Talend Professional Services does not recommend extending out-of-the-box Studio components with new features. While it is possible, doing so can break, or make difficult, the upgrade path to a new Talend release. It is better to use an existing component as a base, and create a new custom component where you can add the extended functions.

 

Follow the steps in this document to create a CRC32C-enabled custom component in Talend Studio. The new component is based on the out-of-the-box tAddCRCRow Data Quality component. By default, Talend’s tAddCRCRow supports several checksum methods including CRC32.

 

CRC32C (a.k.a Castagnoli) is a newer form of the CRC32 checksum algorithm. CRC32C uses a different polynomial than CRC32, but otherwise is the same as CRC32. CRC32C is appearing in newer Intel CPUs and has gained a reputation for increased speed of computation.

 

Enable CRC32C in Talend Studio

 

Create a CRC32C Java Class

  1. Find, or create, a Java class that implements the CRC32C checksum. You can find the Google version of CRC32C after a short search of the internet. For convenience, you can add a method to the class to provide a single call to return the checksum for a string:

    /**
    * tdye -- Added compute method
    *
    */
    public long compute (String s) {
    	this.update(s.getBytes(),0,s.length());
    	return this.getValue();
    }

    See the Appendix for a complete Java code listing of the Crc32c class.

  2. As this Java class is packaged for com.google.cloud, you should place it in a directory structure that follows this hierarchy:

    hierarchy.png

  3. Compile this however you wish, for example from a Windows command prompt as shown below. With Talend Studio, you have a Java Development Kit installed, so it is a simple matter to run the compiler:

    C:\> "c:\Program Files\Java\jdk1.7.0_67"\bin\javac Crc32c.java

    compile.png

  4. From the root of the Java class, create a JAR file.

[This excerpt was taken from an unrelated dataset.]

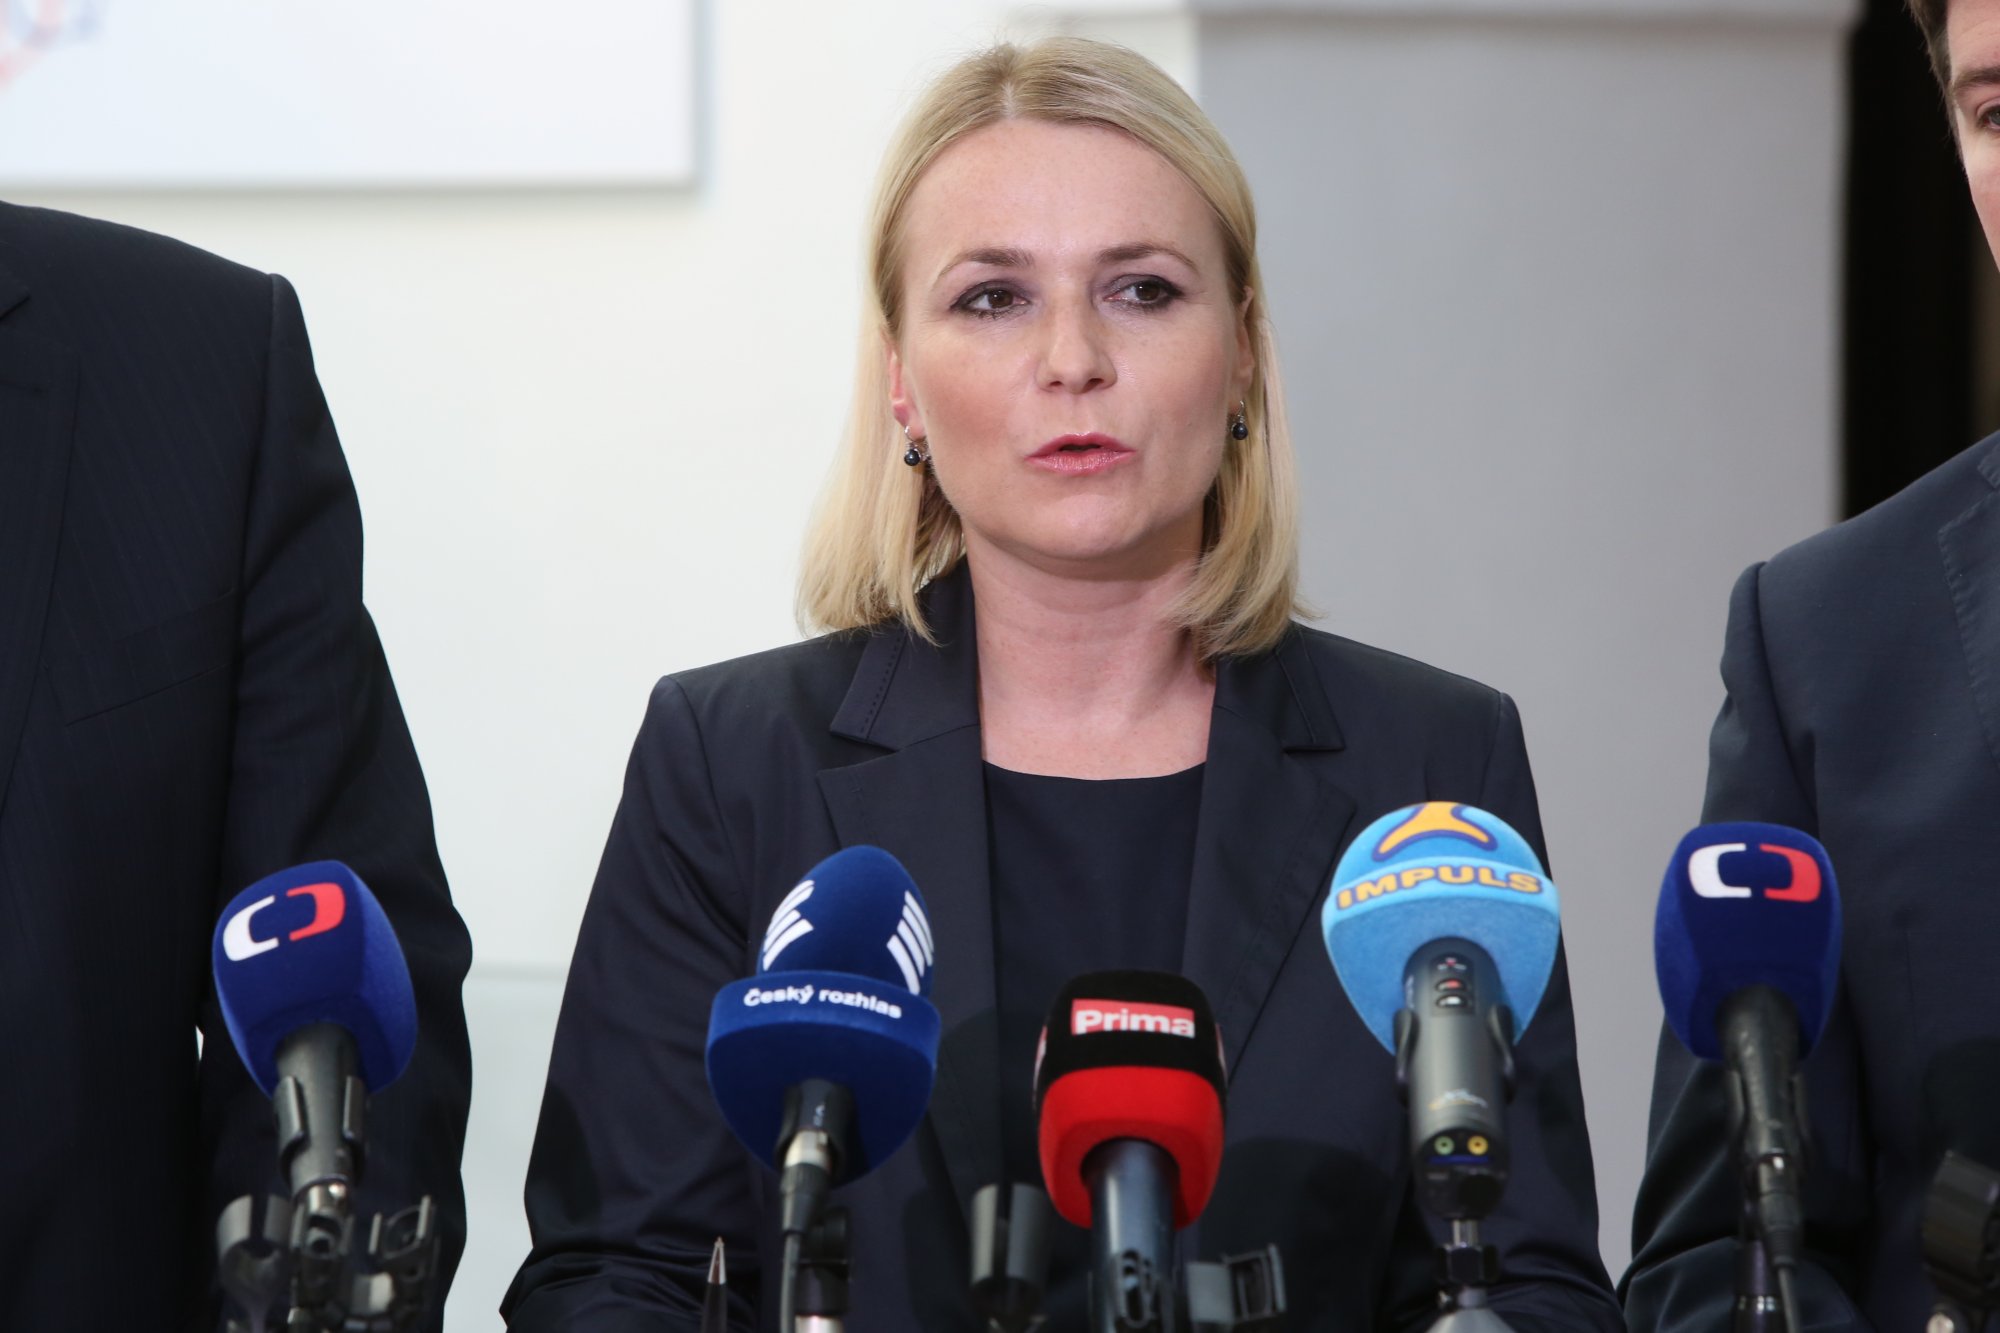 Ministr Chovanec nedokázal stabilizovat policii a nevyužil příznivé ekonomické situace
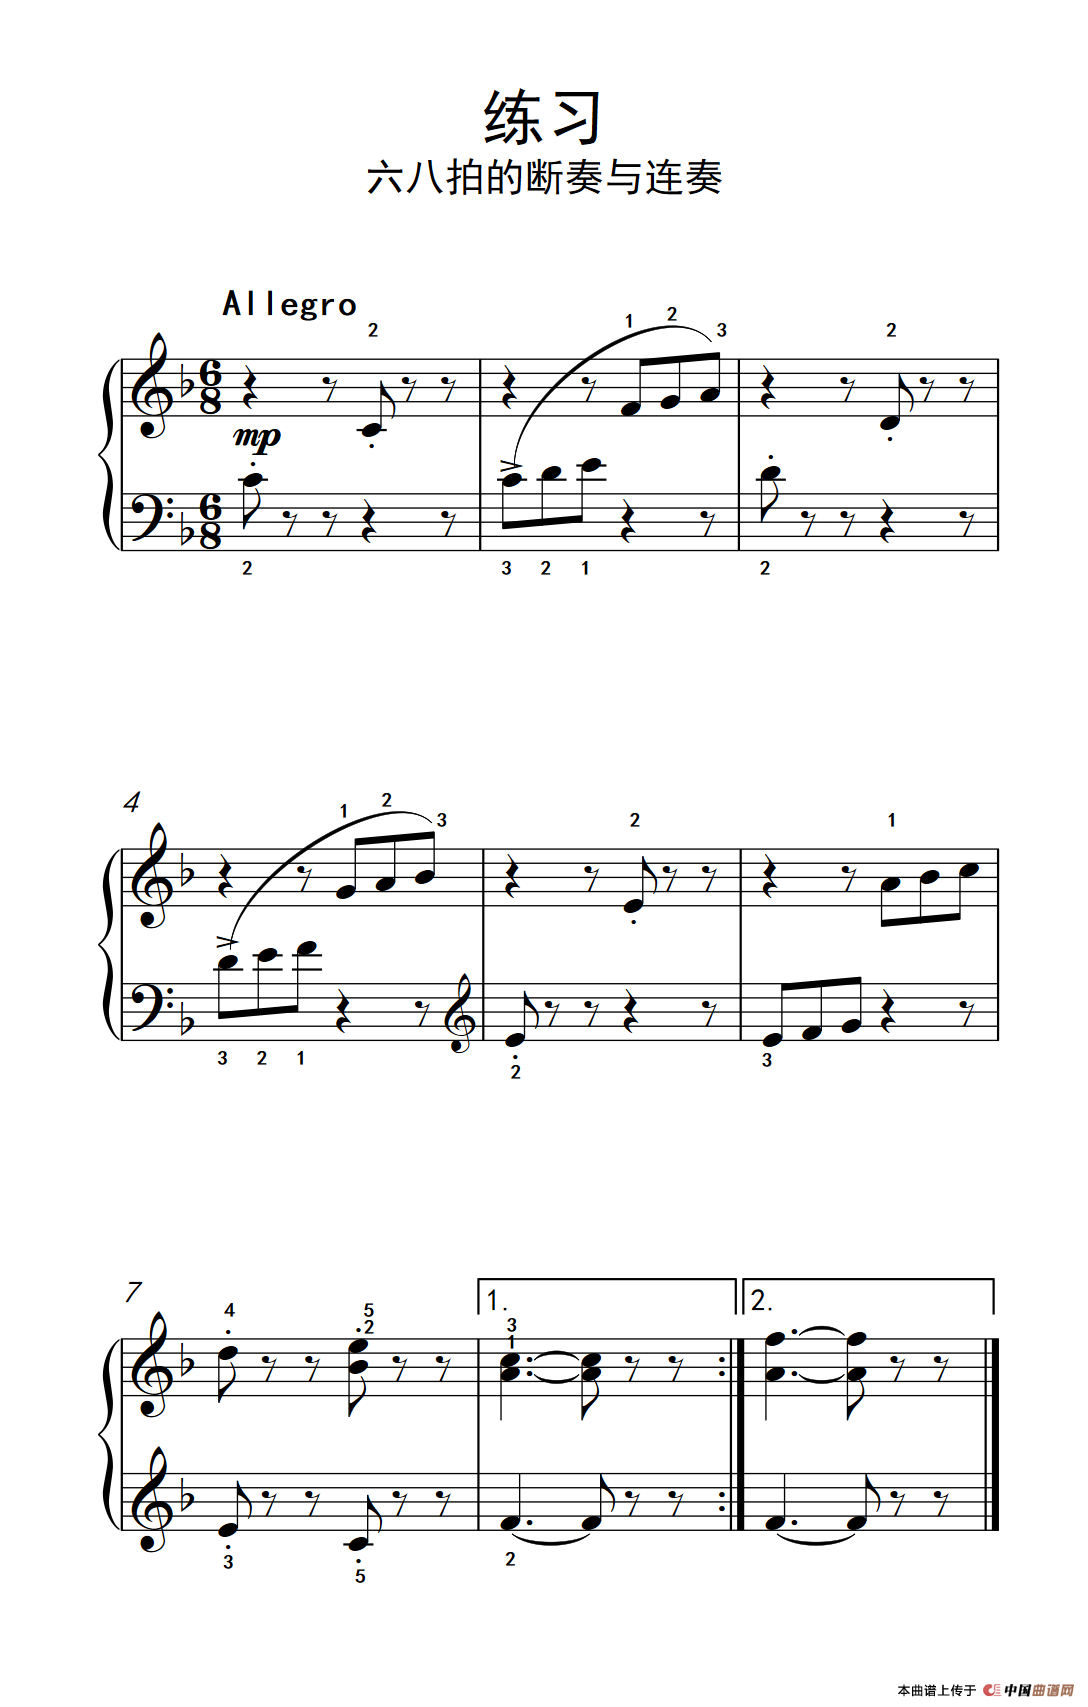 《练习 六八拍的断奏与连奏》钢琴曲谱图分享

    C:\> "c:\Program Files\Java\jdk1.7.0_67"\bin\jar -tf Crc32c.jar

    createjar.png

     

    You can set the Java JAR file aside for now.

 

Copy the out-of-the-box component

  1. Create a directory on your Talend Studio workstation where you will create and deploy the custom component. For example, the path could be:

    C:/data/Development/Custom_Components
  2. Copy the tAddCRCRow component into your Custom_Components directory. It can probably be found here, though your actual path may vary:

    Studio Install Directory\plugins\org.talend.designer.components.localprovider_version\components

    tAddCRCRow.png

  3. Rename the newly copied components directory to a new name. In this example, the new custom component is called tCustomAddCRCRow. Rename all files in this directory to reflect the name of the new custom component.

    rename.png

 

Edit the XML file

Edit the XML file for the new component (tCustomAddCRCRow_java.xml). For convenience, the entire file is reproduced in the Appendix. Update the following sections:

  • HEADER
  • FAMILIES
  • ADVANCED_PARAMETERS
  • CODEGENERATION
  1. At minimum, change the author to a new value:

    <HEADER PLATEFORM="ALL" SERIAL="" VERSION="0.101" STATUS="ALPHA"
    		COMPATIBILITY="ALL" AUTHOR="tdye" RELEASE_DATE="20050320A"
    		STARTABLE="false" DATA_AUTO_PROPAGATE="false" PARTITIONING="AUTO">
    		<SIGNATURE></SIGNATURE>
    </HEADER>
  2. Change the component family to a new value:

    <FAMILIES>
        <FAMILY>TDye Components</FAMILY>
    </FAMILIES>
  3. Add a new parameter for the CRC32C function:

    <ADVANCED_PARAMETERS>
    	<PARAMETER NAME="CRC_TYPE" FIELD="CLOSED_LIST" NUM_ROW="30">
    		<ITEMS DEFAULT="crc32">
    			<ITEM NAME="CRC8" VALUE="crc8" />
    			<ITEM NAME="CRC16" VALUE="crc16" />
    			<ITEM NAME="CRC32" VALUE="crc32" />
    			<ITEM NAME="CRC32C" VALUE="crc32c" />
    		</ITEMS>
    	</PARAMETER>
    </ADVANCED_PARAMETERS>
  4. Add an entry for the new CRC32C jar file:

    <CODEGENERATION>
    <IMPORTS>
    	<IMPORT NAME="Java-CRC" MODULE="OneWireAPI.jar" MVN="mvn:org.talend.libraries/OneWireAPI/6.0.0" 
    				REQUIRED="true" />
    	<IMPORT NAME="Crc32c" MODULE="Crc32c.jar" MVN="mvn:org.talend.libraries/Crc32c/6.0.0" 
    				REQUIRED="true" />
    </IMPORTS>
    </CODEGENERATION>

 

Edit the JavaJet Main file

Edit the tCustomAddCRCRow_main.javajet file to add Java Jet code for the new CRC32C option. This will instantiate a new Crc32c class, and call the new compute method.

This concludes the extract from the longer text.